§ What is needed:
Without the images, repeat every line of the listing verbatim.

§ Recorded data:
■ ■ ■

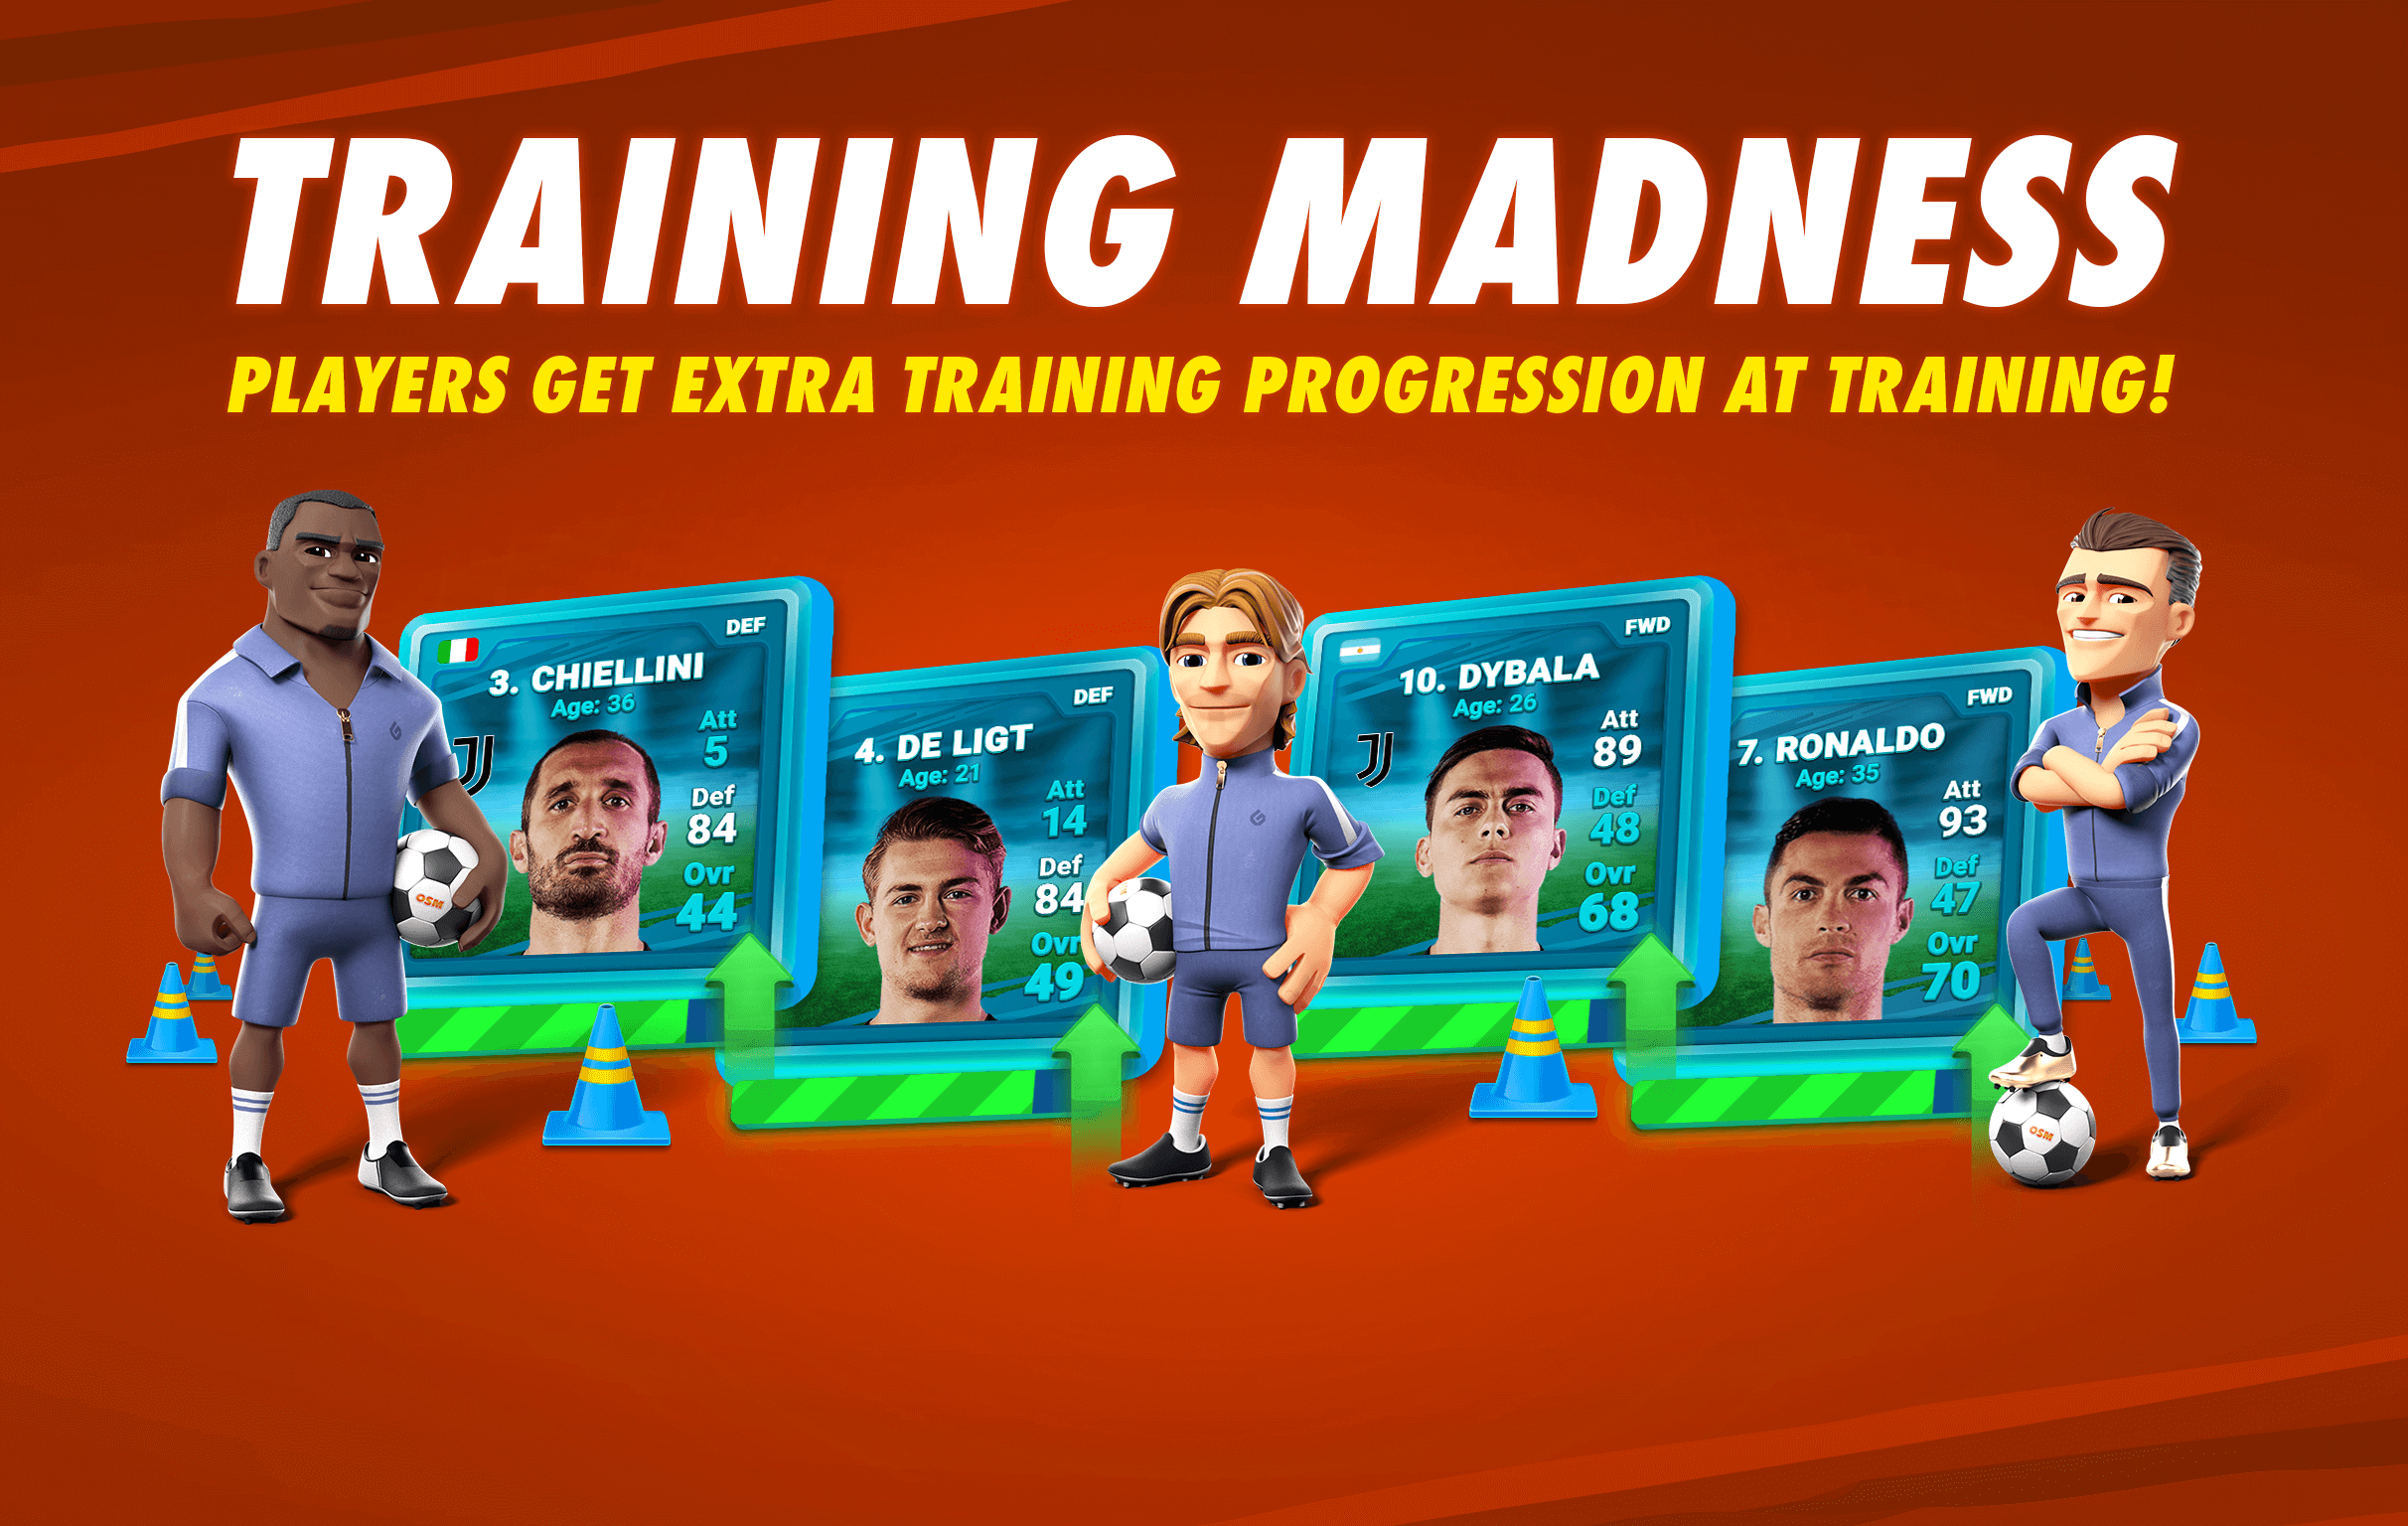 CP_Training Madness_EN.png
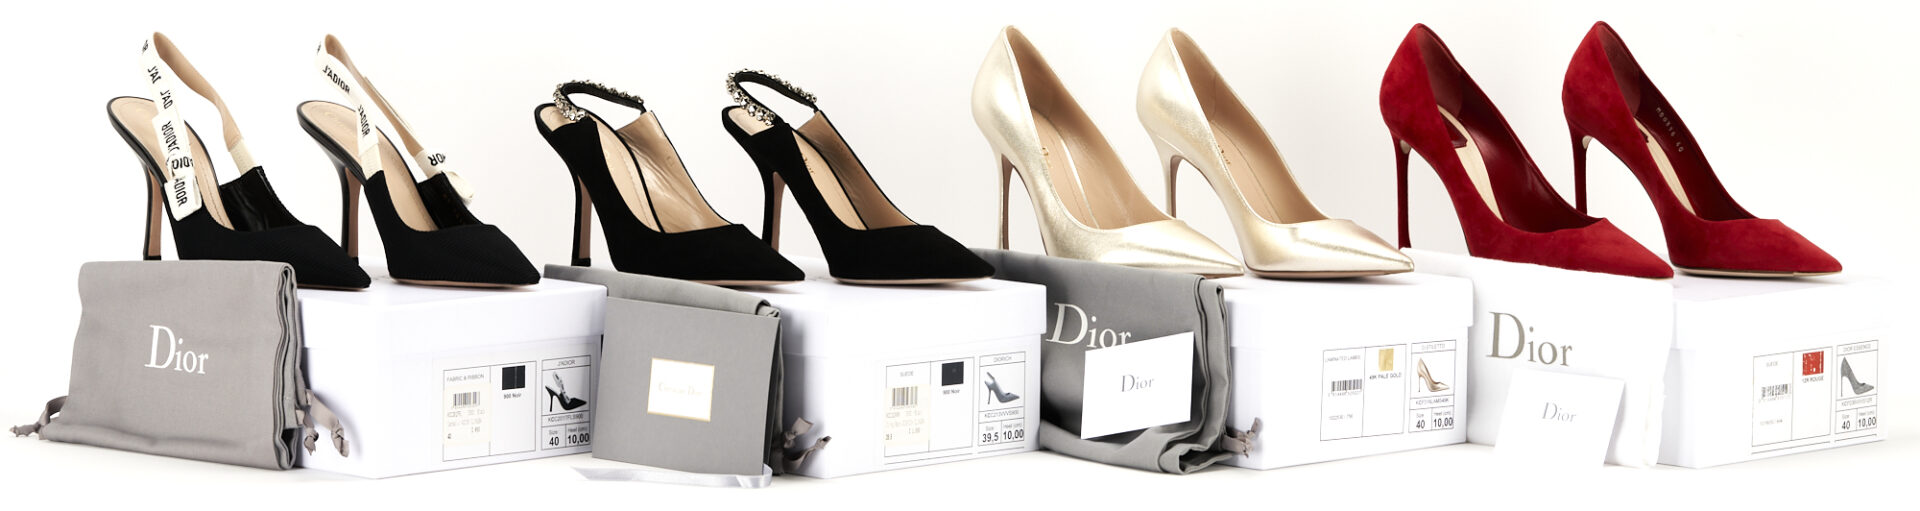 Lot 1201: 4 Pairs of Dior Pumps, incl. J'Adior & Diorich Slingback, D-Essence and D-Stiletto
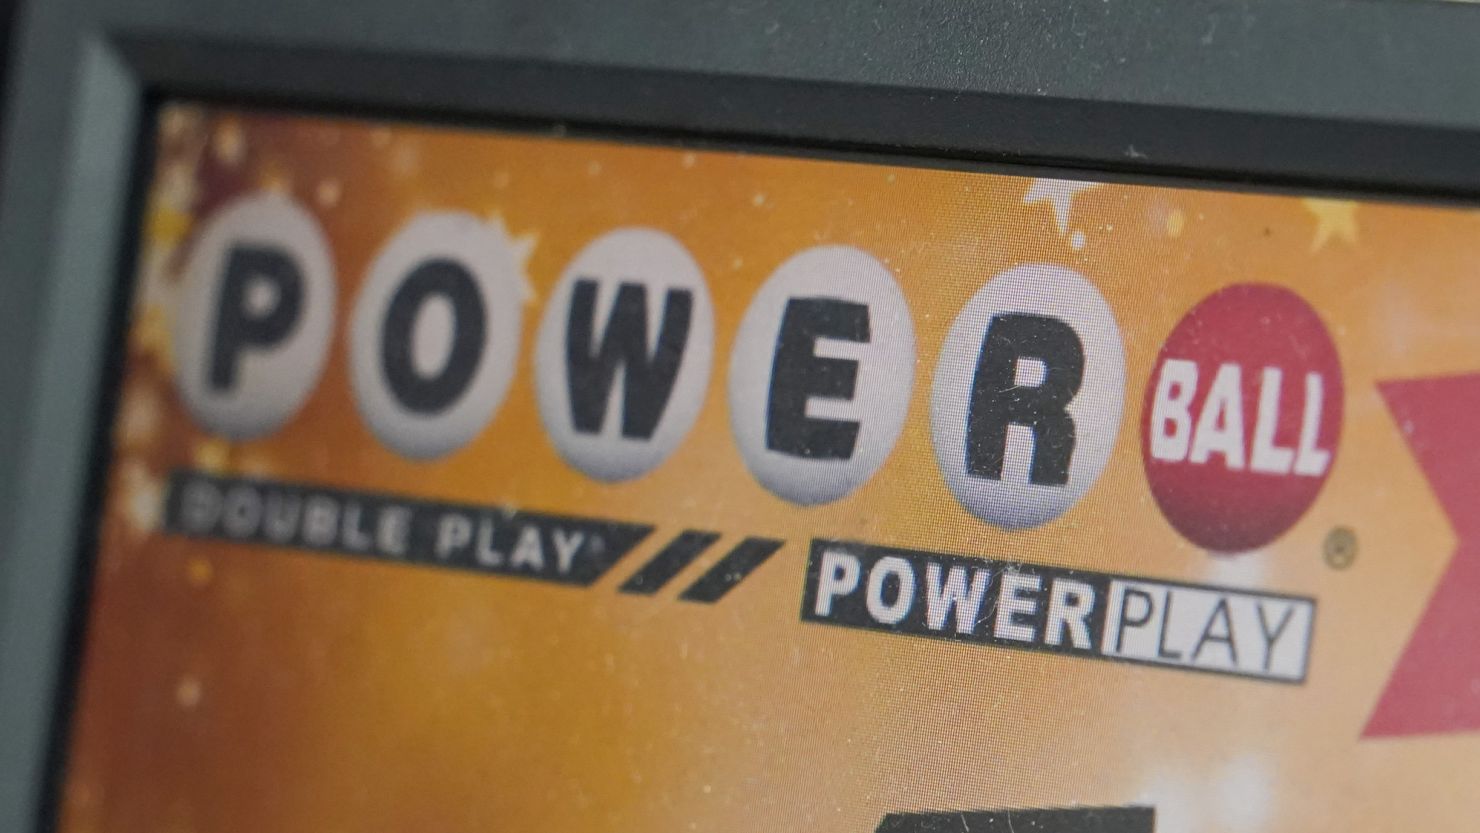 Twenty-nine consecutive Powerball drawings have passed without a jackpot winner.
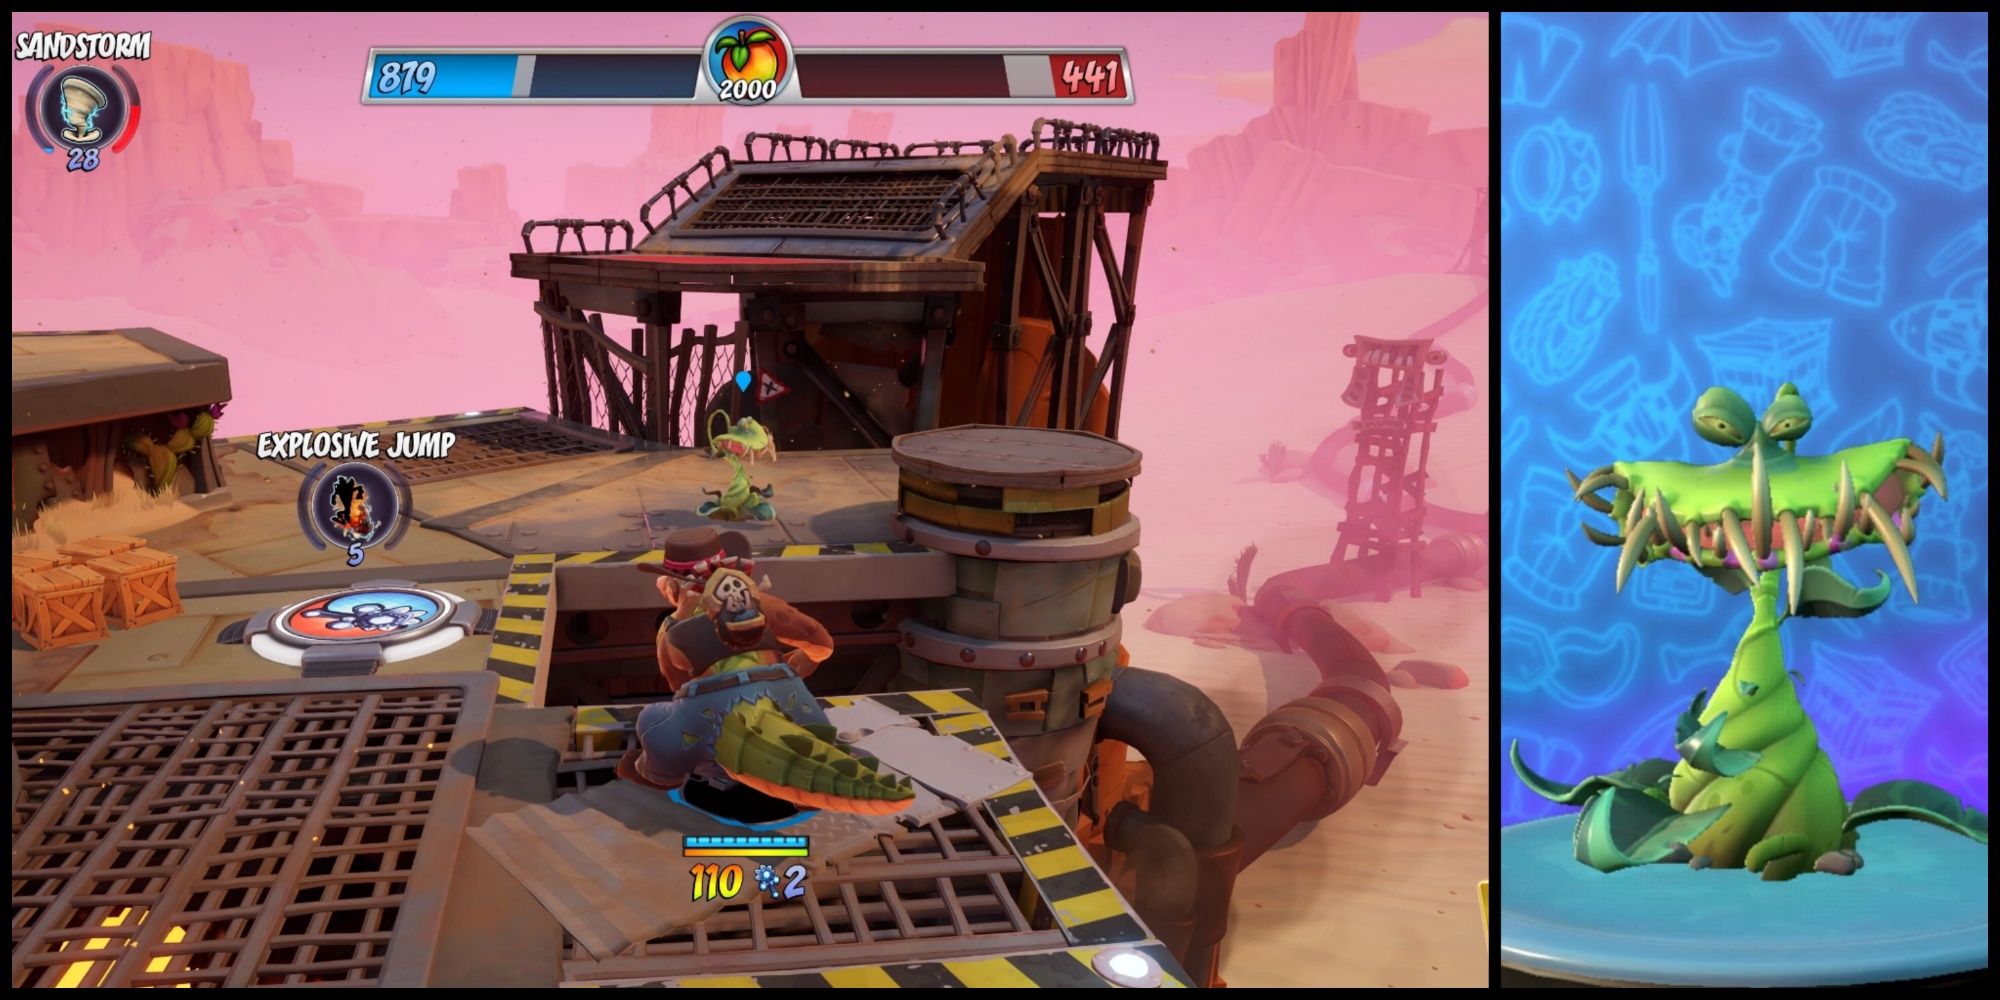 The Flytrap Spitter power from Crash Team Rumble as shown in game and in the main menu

■ ■ ■

§ Written response:
 CP_Training Madness_EN.png
 Lot 1201: 4 Pairs of Dior Pumps, incl. J'Adior & Diorich Slingback, D-Essence and D-Stiletto
 Twenty-nine consecutive Powerball drawings have passed without a jackpot winner.
 The Flytrap Spitter power from Crash Team Rumble as shown in game and in the main menu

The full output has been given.